You might (or might not) have some luck with:
Code:
unset LC_ALL
export LANG=en_US.UTF-8
export LC_CTYPE=fr_FR.UTF-8

assuming that the French locales are loaded on your AIX system.
This User Gave Thanks to Don Cragun For This Post:
# 3  
Old 12-15-2017
Thank you Don. It is regular xml file that would have French Names once in a while and it needs to read both.

---------- Post updated at 11:49 PM ---------- Previous update was at 11:48 PM ----------

Don what does the second command export LC_CTYPE=fr_FR.UTF-8 do?

Last edited by rbatte1; 12-15-2017 at 08:41 AM.. Reason: Added ICODE tags
# 4  
Old 12-15-2017
Quote:
Originally Posted by pregmi
Thank you Don. It is regular xml file that would have French Names once in a while and it needs to read both.

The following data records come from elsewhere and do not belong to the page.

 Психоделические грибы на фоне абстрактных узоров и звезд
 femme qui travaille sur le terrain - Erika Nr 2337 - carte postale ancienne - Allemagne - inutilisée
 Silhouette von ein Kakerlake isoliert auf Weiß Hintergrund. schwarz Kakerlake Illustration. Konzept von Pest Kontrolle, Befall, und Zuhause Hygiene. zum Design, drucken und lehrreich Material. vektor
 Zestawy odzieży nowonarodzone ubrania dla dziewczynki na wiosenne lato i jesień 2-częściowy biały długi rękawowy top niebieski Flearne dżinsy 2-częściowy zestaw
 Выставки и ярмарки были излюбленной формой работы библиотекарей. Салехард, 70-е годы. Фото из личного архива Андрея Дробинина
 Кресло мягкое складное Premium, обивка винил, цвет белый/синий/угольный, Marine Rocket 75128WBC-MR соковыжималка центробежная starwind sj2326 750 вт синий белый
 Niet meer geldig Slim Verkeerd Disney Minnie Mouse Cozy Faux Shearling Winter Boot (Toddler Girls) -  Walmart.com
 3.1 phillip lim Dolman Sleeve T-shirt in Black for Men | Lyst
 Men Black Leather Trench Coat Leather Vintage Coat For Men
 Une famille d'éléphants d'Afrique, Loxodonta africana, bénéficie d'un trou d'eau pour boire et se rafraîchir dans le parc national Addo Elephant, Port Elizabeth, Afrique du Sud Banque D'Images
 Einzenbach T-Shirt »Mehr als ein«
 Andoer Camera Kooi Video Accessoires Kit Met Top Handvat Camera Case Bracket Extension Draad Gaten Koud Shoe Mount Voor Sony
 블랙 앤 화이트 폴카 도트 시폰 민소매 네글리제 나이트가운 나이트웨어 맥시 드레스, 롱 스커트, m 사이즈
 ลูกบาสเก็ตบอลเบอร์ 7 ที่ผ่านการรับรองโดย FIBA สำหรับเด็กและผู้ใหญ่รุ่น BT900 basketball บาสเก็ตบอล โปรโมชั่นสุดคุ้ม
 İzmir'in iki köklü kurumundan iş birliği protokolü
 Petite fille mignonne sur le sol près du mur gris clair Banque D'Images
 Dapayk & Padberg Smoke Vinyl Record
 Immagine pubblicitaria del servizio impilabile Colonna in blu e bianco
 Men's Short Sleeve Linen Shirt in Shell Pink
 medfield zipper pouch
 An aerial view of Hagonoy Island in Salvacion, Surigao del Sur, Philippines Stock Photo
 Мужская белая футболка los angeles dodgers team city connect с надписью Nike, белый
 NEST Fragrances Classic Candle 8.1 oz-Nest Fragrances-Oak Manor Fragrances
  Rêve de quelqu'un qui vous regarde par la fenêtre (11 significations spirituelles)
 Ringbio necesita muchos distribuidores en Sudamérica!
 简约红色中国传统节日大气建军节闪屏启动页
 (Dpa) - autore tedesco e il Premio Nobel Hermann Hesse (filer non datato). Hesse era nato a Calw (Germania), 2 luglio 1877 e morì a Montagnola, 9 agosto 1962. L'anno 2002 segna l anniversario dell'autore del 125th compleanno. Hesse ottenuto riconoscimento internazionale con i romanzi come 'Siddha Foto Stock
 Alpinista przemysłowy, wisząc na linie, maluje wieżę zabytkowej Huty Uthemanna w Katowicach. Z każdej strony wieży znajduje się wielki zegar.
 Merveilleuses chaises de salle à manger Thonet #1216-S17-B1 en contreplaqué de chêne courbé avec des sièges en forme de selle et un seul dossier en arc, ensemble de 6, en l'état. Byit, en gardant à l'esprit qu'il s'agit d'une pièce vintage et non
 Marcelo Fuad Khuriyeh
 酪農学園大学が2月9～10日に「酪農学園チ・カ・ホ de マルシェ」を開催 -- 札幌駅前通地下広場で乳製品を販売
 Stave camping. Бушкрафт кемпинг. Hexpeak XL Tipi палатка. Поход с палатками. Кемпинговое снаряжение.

---------- Post updated at 11:49 PM ---------- Previous update was at 11:48 PM ----------

Don what does the second command

export LC_CTYPE=fr_FR.UTF-8 do?
It uses a French locale for the definition of characters that are to be considered valid when looking at strings, character classes, etc. Setting LC_ALL to any value overrides any values assigned to LANG and all of the other LC_* locale setting environment variables (which is why the first step in my suggestion was to undefine LC_ALL).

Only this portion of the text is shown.